Самое безнадежное, что и в детей не верят, не смеют даже и так сказать: «Мы-то кончены, а вот наши дети увидят». Всякий, подумав об этом, говорит: «А что это за поколение растет без идеалов, даже без школы».
Чему учатся дети? я думаю, они теперь учатся ненавидеть — и это лучшее и в лучших детях — ненавидеть зло: школа жизни.
Ремизов чрезвычайно оригинальный писатель, он единственный русский писатель-патриот; это слово — патриотизм — без чувства пошлости можно соединить с именем единственного писателя Ремизова. Я помню случайные сочинения, напр., Родионова «Наше преступление», — в них также есть это чувство боли за Россию, но эта боль выводит в мрак, в публицистику черносотенца, Ремизов всегда остается чистым в грязи…
Если спросить себя, можно ли было жить в России с ненавистью в сердце к поработителям народа и не примкнуть к лагерю людей, создавших ее гибель слева, то скажешь, что нельзя было, но Ремизов исключение: он мог жить так, как юродивый.
1 Апреля.
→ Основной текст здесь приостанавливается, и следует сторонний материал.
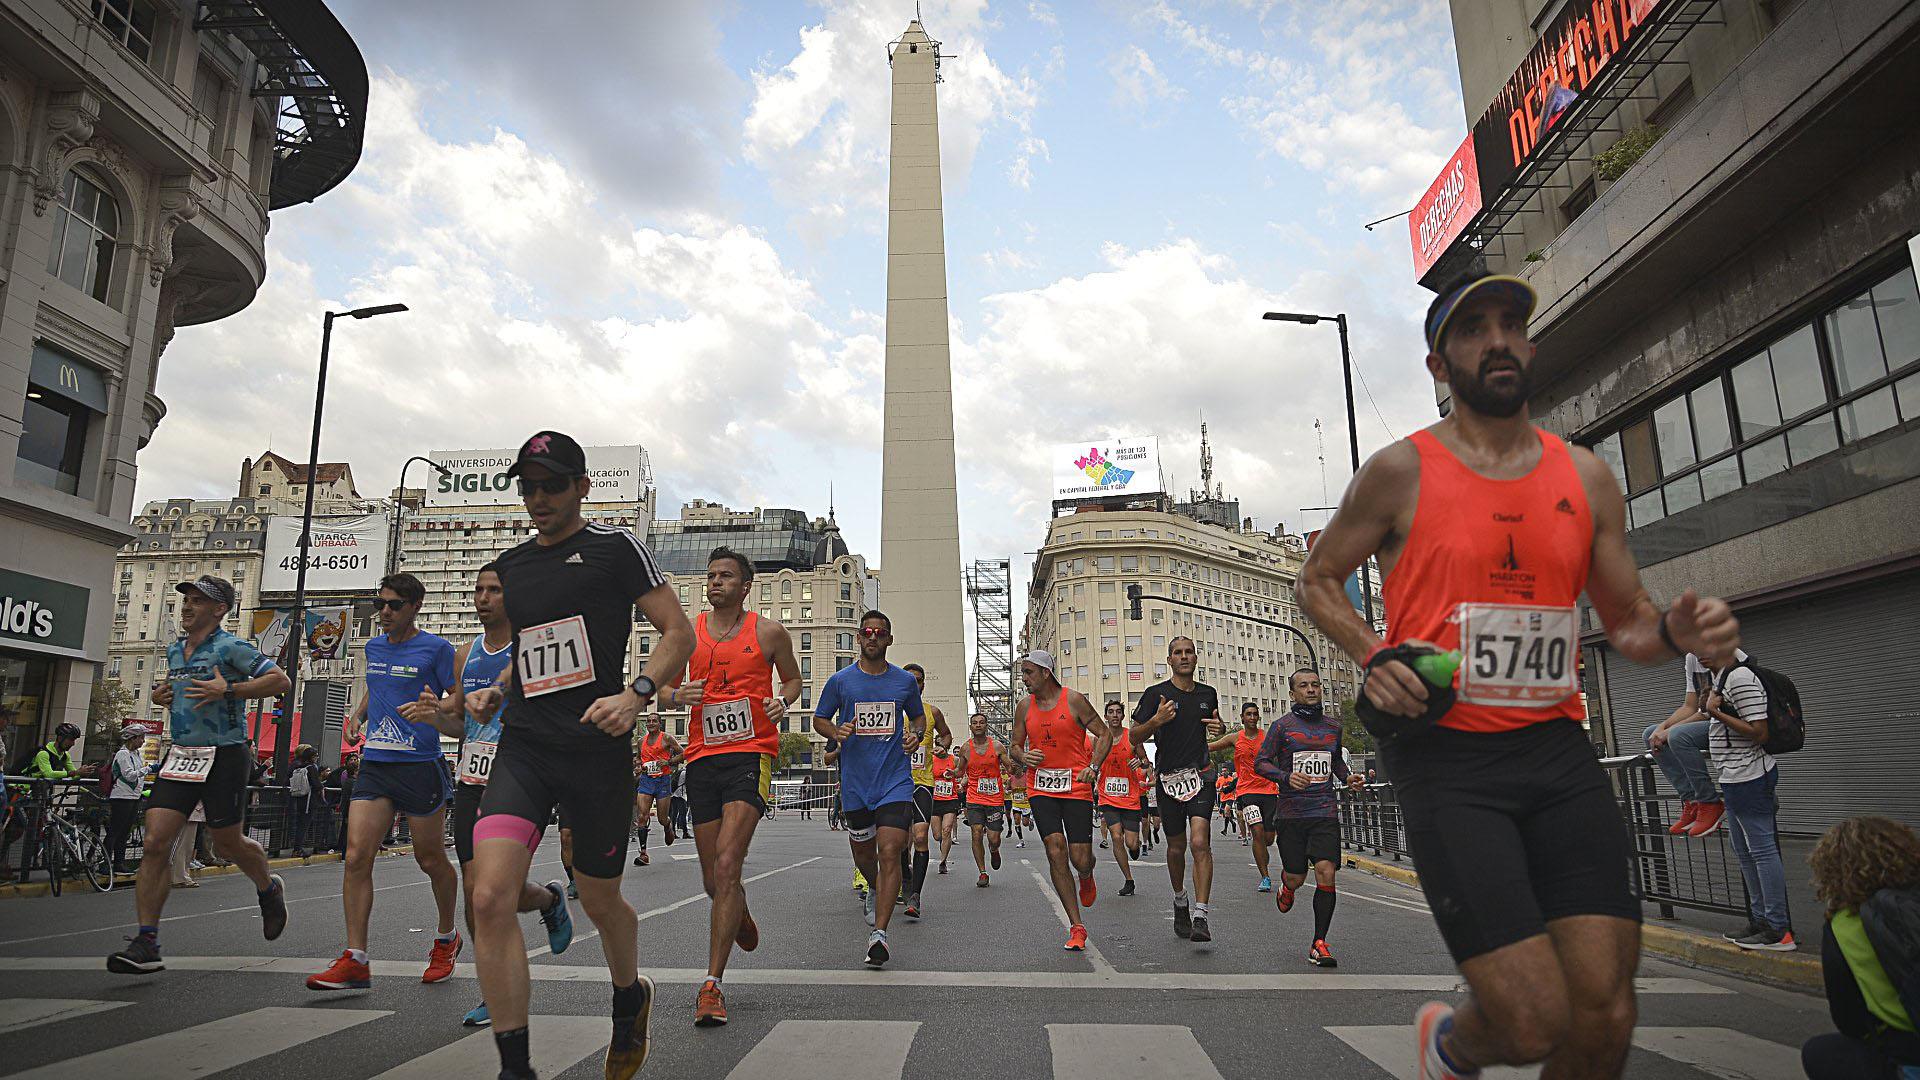 El recorrido del circuito llevó a los runners transitar por lugares emblemáticos de la Ciudad, como el Obelisco, la Plaza de Mayo o la zona de La Boca. Esta vez, no pudieron ingresar a la zona de Puerto Madero, ya que está cerrada por obras

Проснулся ½ 3-го ночи от крика Левина петуха и думал сначала о петухе: «Надо найти такого естественника, который сказал бы мне наконец, как узнают петухи время и какая подобная птица соответствует петуху в природе»; потом, конечно, я думал, как кончится власть коммунистов, и установил такую перспективу: 1) от расстройства финансов рабочие и служащие скоро будут покидать учреждения, бастовать, 2) армия вся разбежится, 3) партия распадется, 4) появятся черносотенцы или иностранцы. Пришла в голову аналогия в отношении «народа» и «интеллигенции»: какой-нибудь работник Михайло, ругающий «на все корки» коммунистов, не преминет обратиться к Ч. К., если его соблазнит вид моего самовара, интеллигент, ненавидящий коммунистов, при монархическом движении тоже заключит союз с Ч. К. — и этим все держится.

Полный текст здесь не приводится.